WORK INSTRUCTION:
Repeat, word for word and with nothing added, each line from the one containing "could fully express" to the final line of the data, keeping both ends. Pictures are not part of the copy.

DATA PROVIDED:
'''
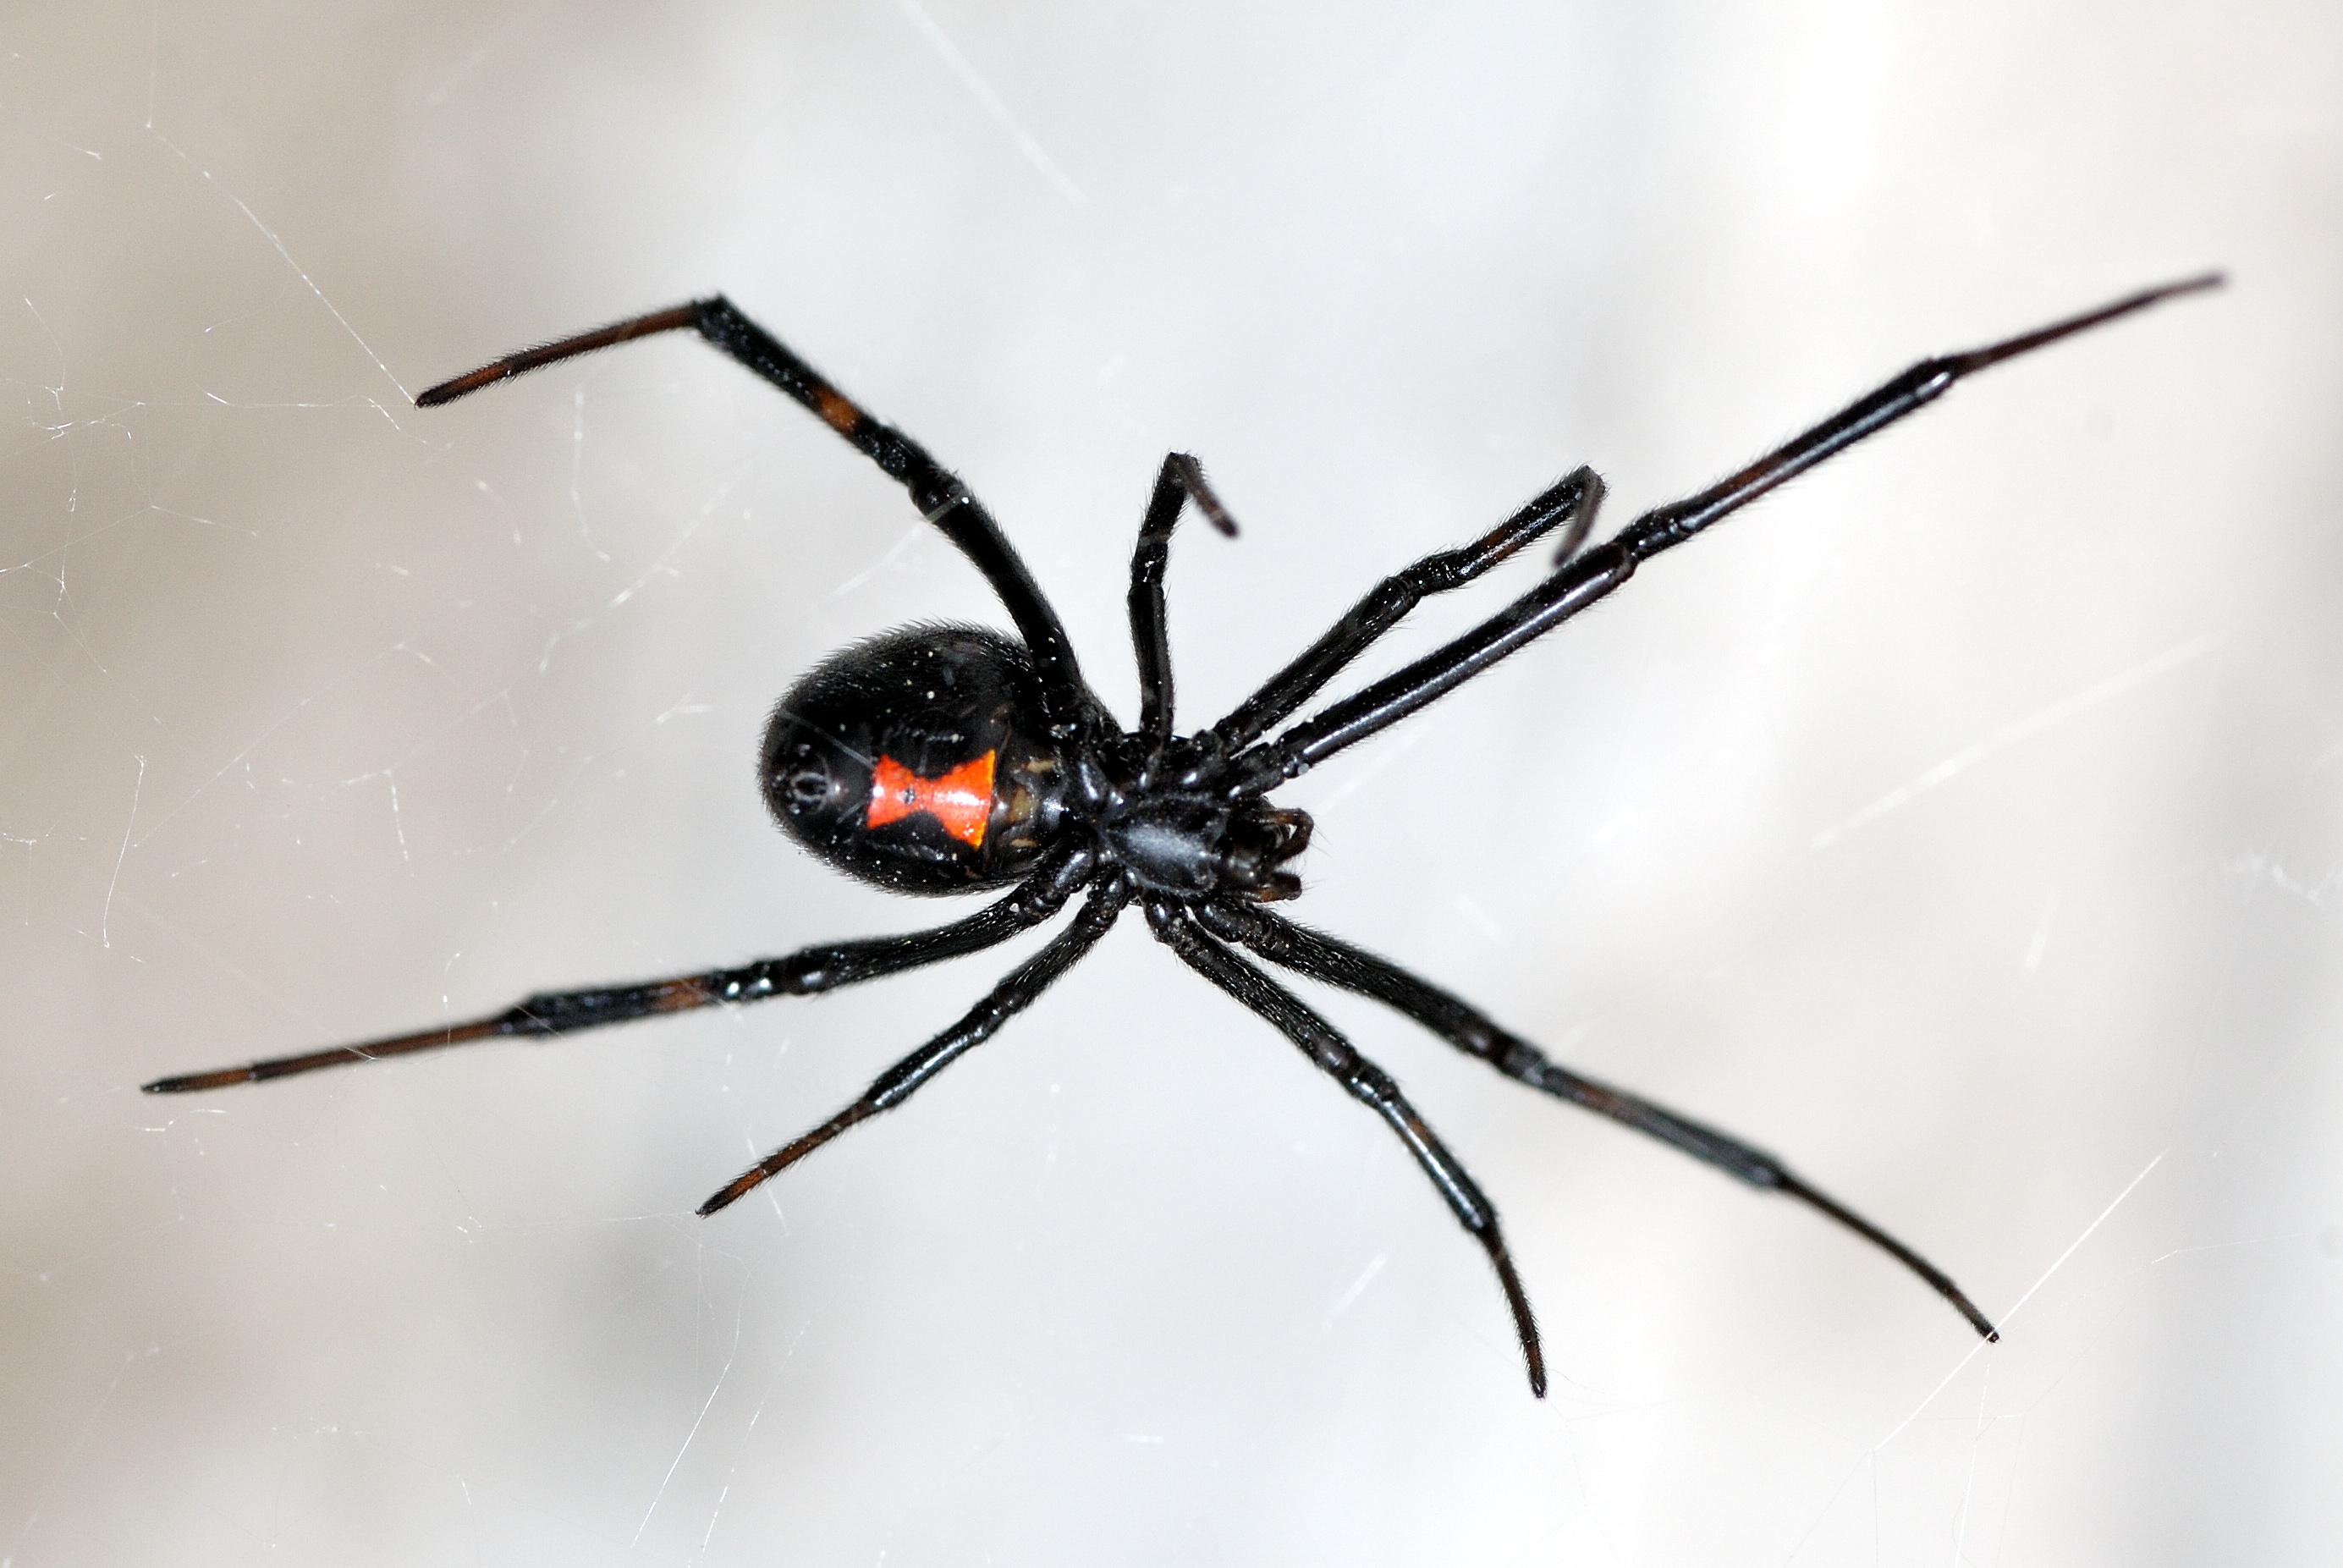 How to get Rid of Black Widow Spiders - Insectek Pest Solutions
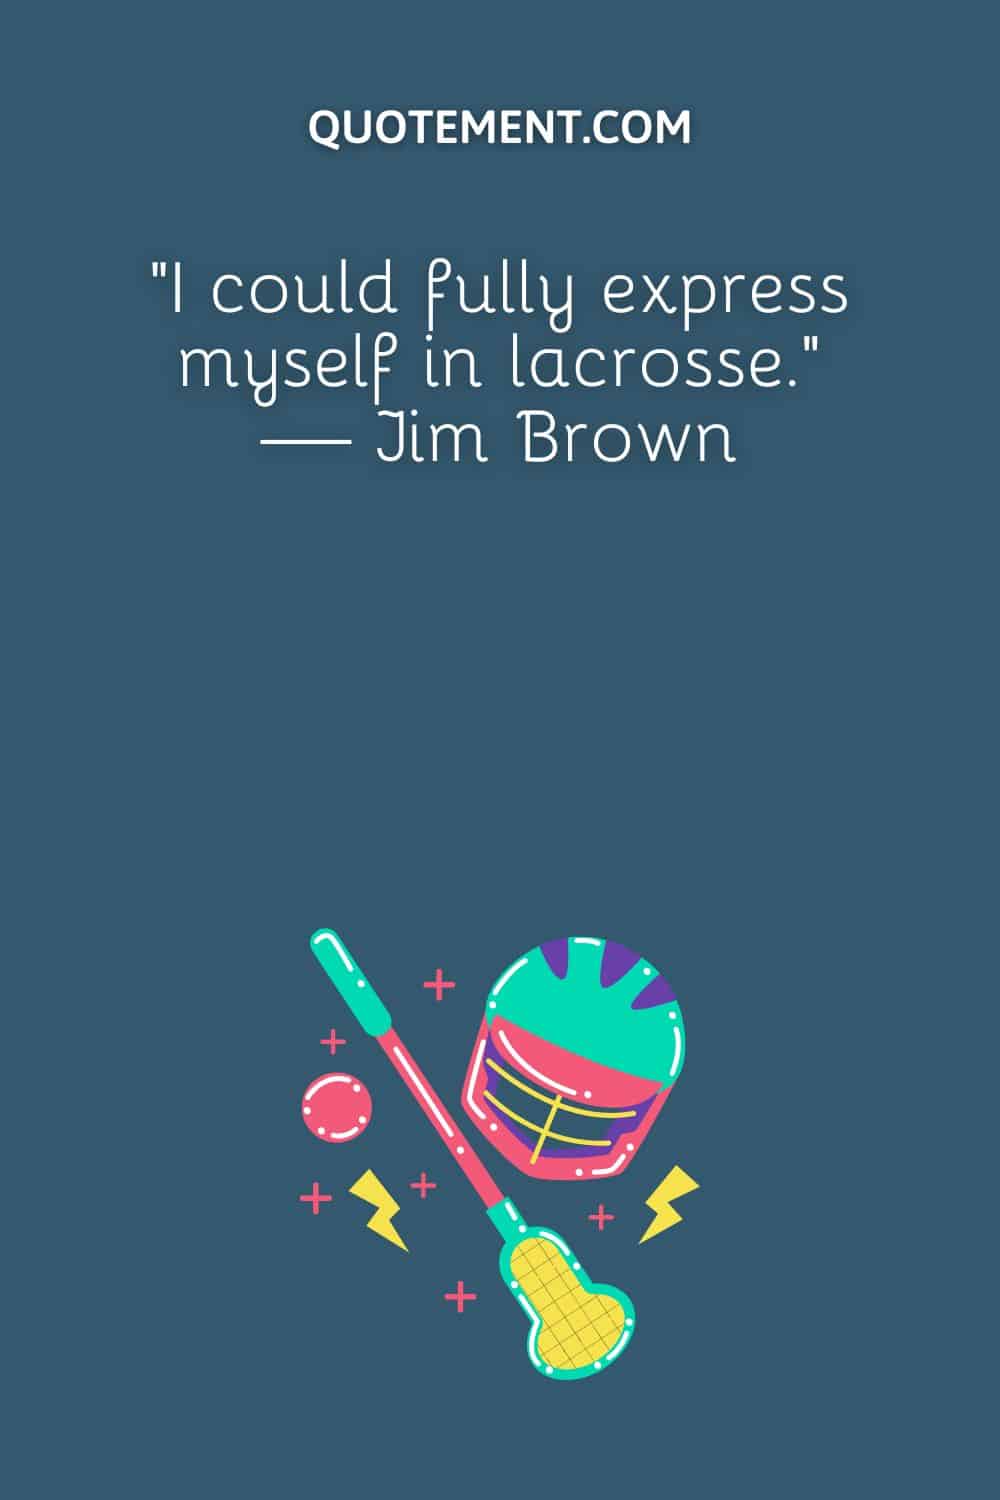 “I could fully express myself in lacrosse.” — Jim Brown
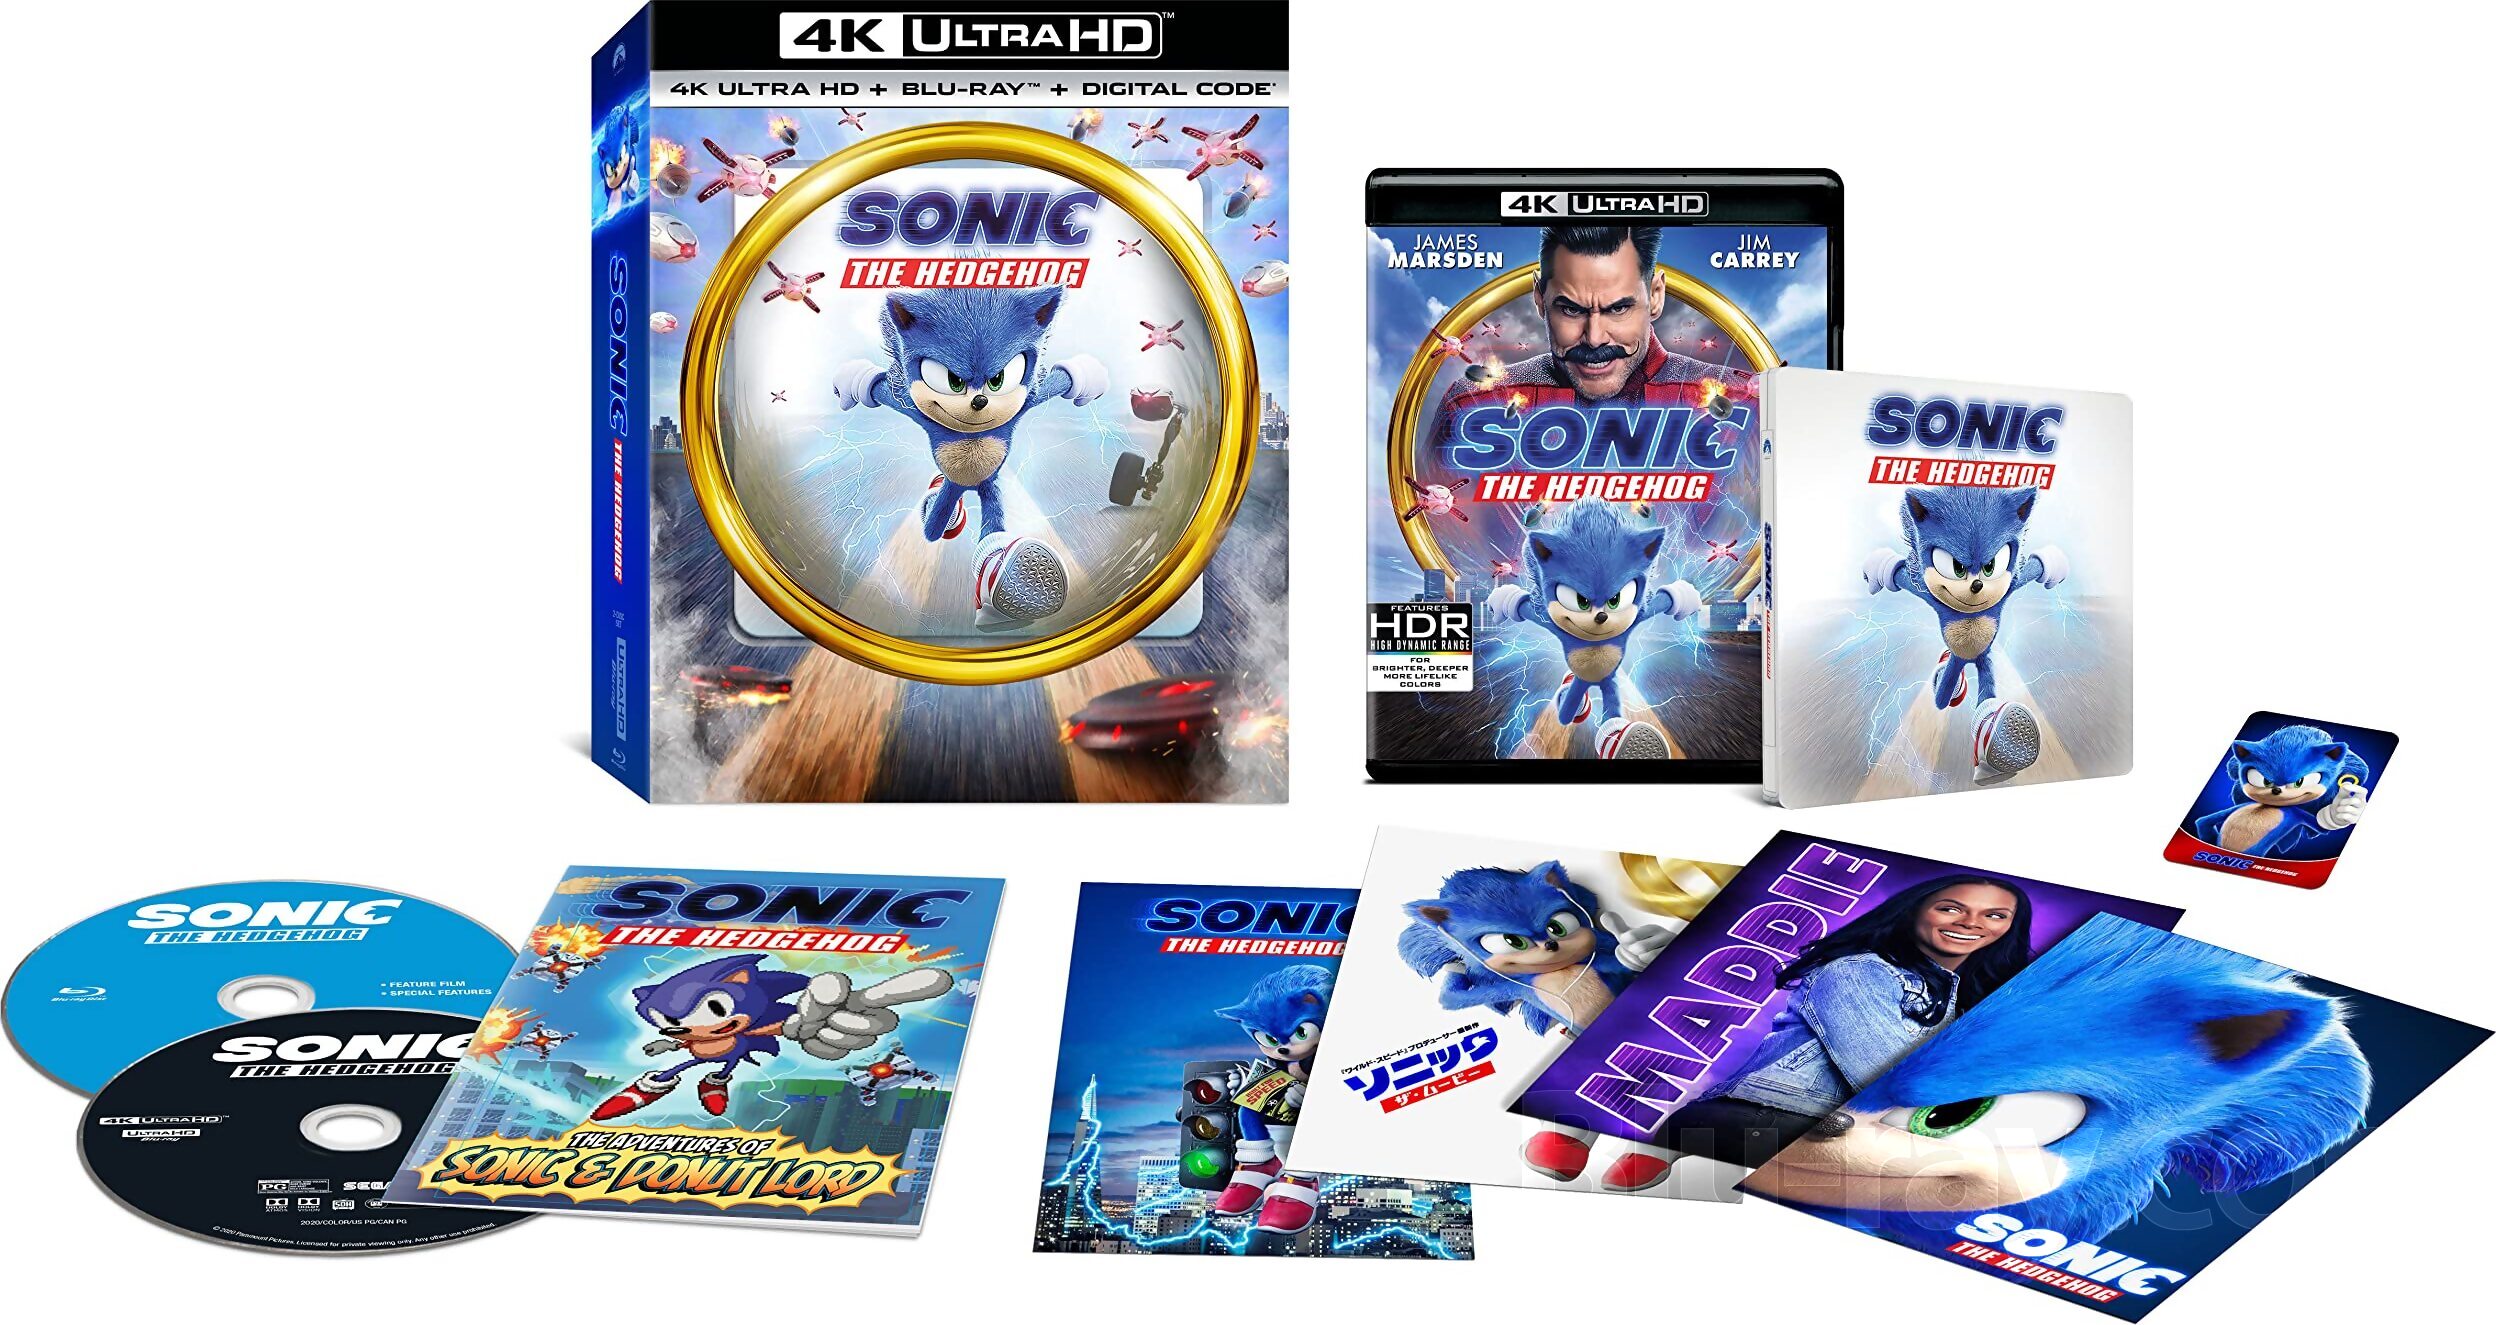 Sonic The Hedgehog 2-Movie Collection - Limited Edition Steelbook
'''
RESULT FOR THIS TASK:
 “I could fully express myself in lacrosse.” — Jim Brown
 Sonic The Hedgehog 2-Movie Collection - Limited Edition Steelbook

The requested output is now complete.